Real-time data needs to power the business side, not just tech

Theo Schlossnagle on the state of real-time data analysis and where it needs to go.

In 2005, real-time data analysis was being pioneered and predicted to “transform society.” A few short years later, the technology is a reality and indeed is changing the way people do business. But Theo Schlossnagle (@postwait), principal and CEO of OmniTI, says we’re not quite there yet.

In a recent interview, Schlossnagle said that not only does the current technology allow less-qualified people to analyze data, but that most of the analysis being done is strictly for technical benefit. The real benefit will be realized when the technology is capable of powering real-time business decisions.

Our interview follows.


How has data analysis evolved over the last few years?

TheoSchlossnagle.jpgTheo Schlossnagle: The general field of data analysis has actually devolved over the last few years because the barrier to entry is dramatically lower.
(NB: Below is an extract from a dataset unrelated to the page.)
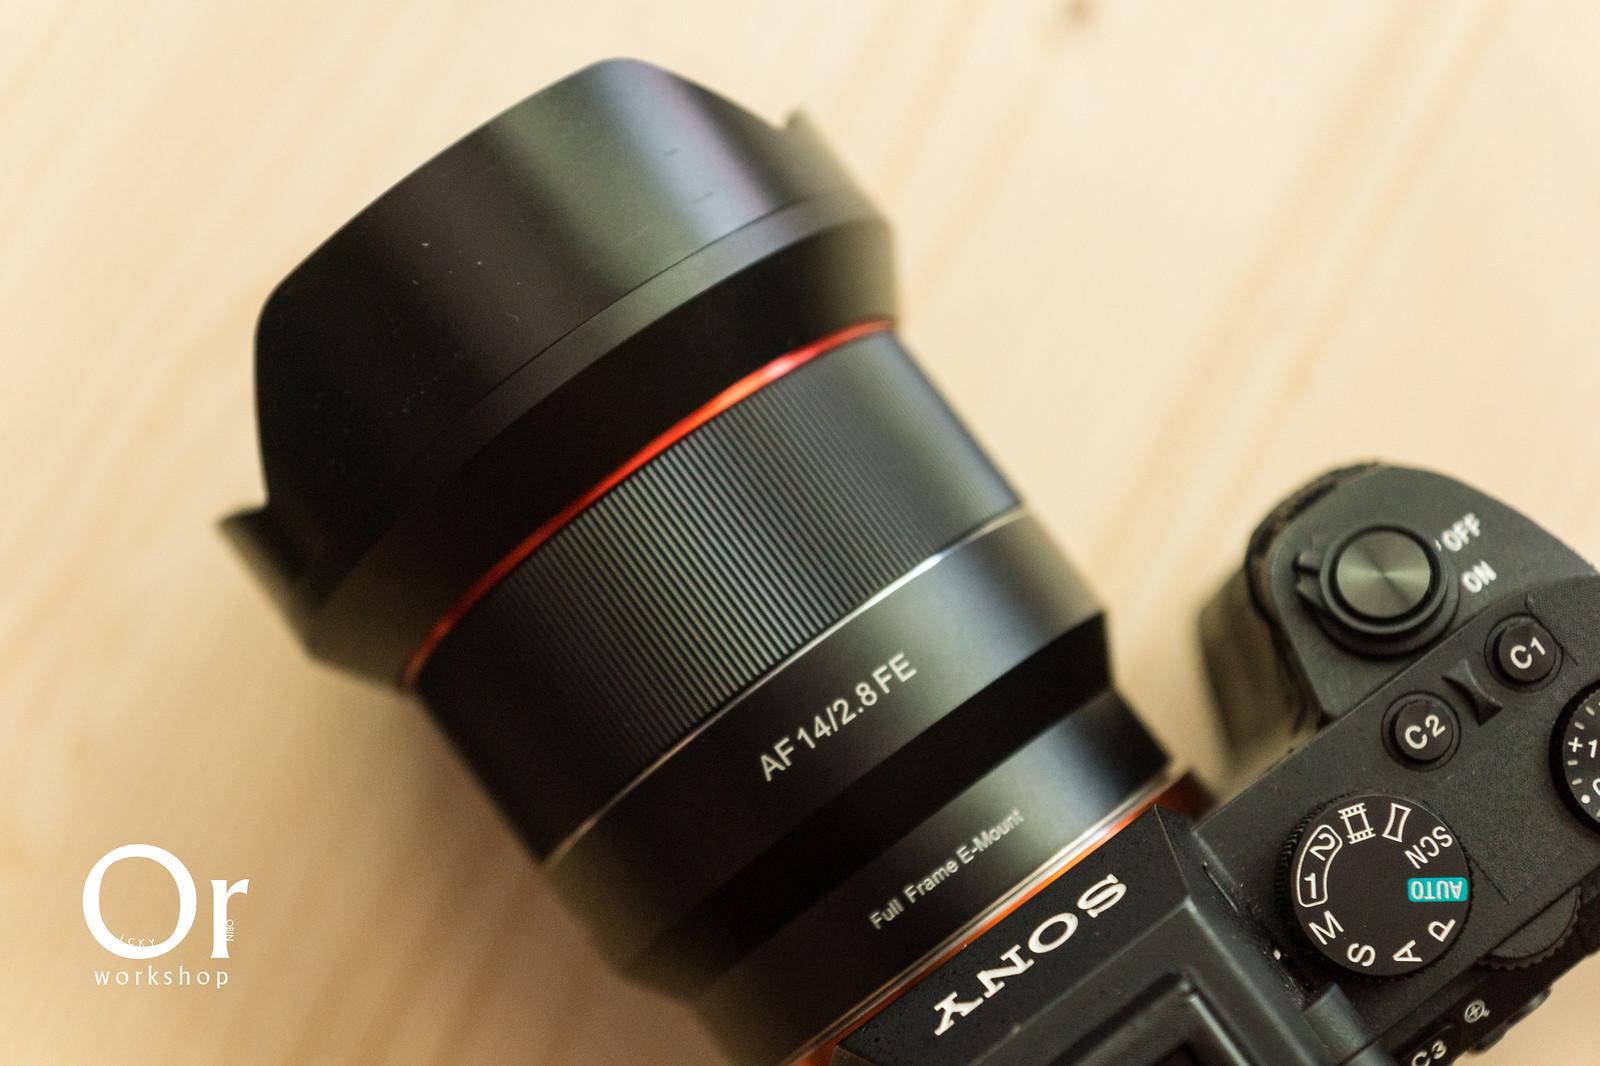 攝影鏡頭評測|三洋光學 SAMYANG AF 14mm F2.8 FE 解析,平價超廣角大光圈鏡頭,支援 Sony E接環自動對焦

You now have a lot of people attempting to analyze data with no sound mathematics background. I personally see a lot of “analysis” happening that is less mature than your run-of-the-mill graduate-level statistics course or even undergraduate-level signal analysis course.

But where does it need to evolve? Storage is cheaper and more readily available than ever before. This leads organizations to store data like its going out of style. This isn’t a bad thing, but it causes a significantly lower signal-to-noise ratio. Data analysis techniques going forward will need to evolve much better noise reduction capabilities.
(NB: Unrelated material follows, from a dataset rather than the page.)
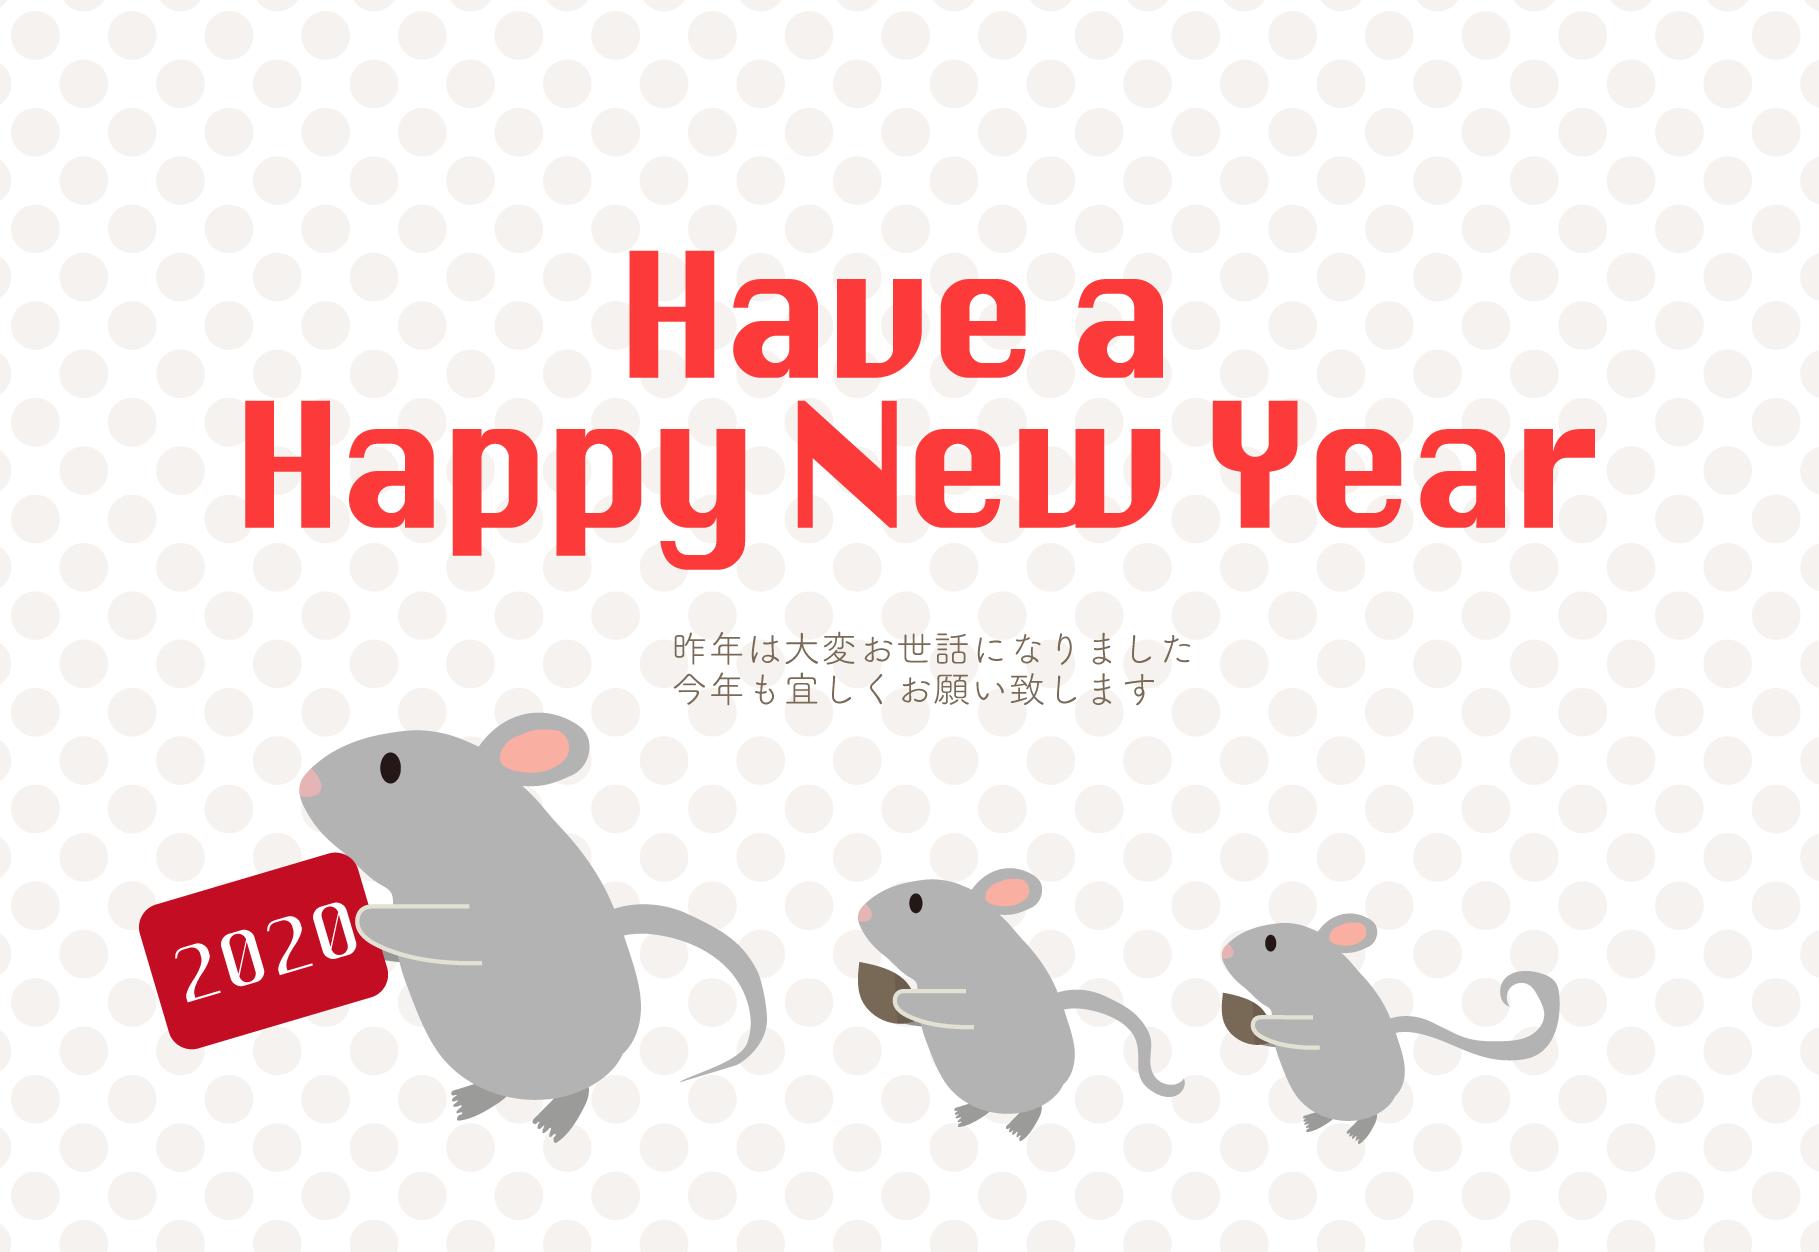 年賀状 2020 Have a Happy New Yearテンプレートかわいいイラスト!無料素材 ねずみの親子

What does real-time data allow that wasn’t available before?

Theo Schlossnagle: Real-time data has been around for a long time, so in a lot of ways, it isn’t offering anything new. But the tools to process data in real-time have evolved quite a bit. CEP systems now provide a much more accessible approach to dealing with data in real time and building millisecond-granularity real-time systems. In a web application, imagine being about to observe something about a user and make an intelligent decision on that data combined with a larger aggregate data stream — all before before you’ve delivered the headers back to the user.

What’s required to harness real-time analysis?
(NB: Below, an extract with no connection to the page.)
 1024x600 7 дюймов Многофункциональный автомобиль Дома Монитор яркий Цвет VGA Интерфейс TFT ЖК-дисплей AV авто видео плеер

Theo Schlossnagle: Low-latency messaging infrastructure and a good CEP system. In my work we use either RabbitMQ or ZeroMQ and a whole lot of Esper.

Strata Conference New York 2011, being held Sept. 22-23, covers the latest and best tools and technologies for data science — from gathering, cleaning, analyzing, and storing data to communicating data intelligence effectively.

Save 30% on registration with the code STN11RAD

Does there need to be a single person at a company who collects data, analyzes and makes recommendations, or is that something that can be done algorithmically?

Theo Schlossnagle: You need to have analysts, and I think it is critically important to have them report into the business side — marketing, product, CFO, COO — instead of into the engineering side. We should be doing data analysis to make better business decisions. It is vital to make sure we are always supplied with intelligent and rewarding business questions.

A lot of data analysis done today is technical analysis for technical benefit. The real value is when we can take this technology and expertise and start powering better real-time business decisions. Some of the areas doing real-time analysis well in this regard include finance, stock trading, and high-frequency traders.

Related:

tags: , , ,
  • http://drcoddwasright.blogspot.com Robert Young

    While I agree that the number of knucklehead “data analysts” has mushroomed in recent times, this really isn’t new. “Data analyst” became au courant when 1-2-3 had macros. A spreadsheet was a “database”. Nonsense issued forth. It’s easy, and what’s this Central Limit Theorem?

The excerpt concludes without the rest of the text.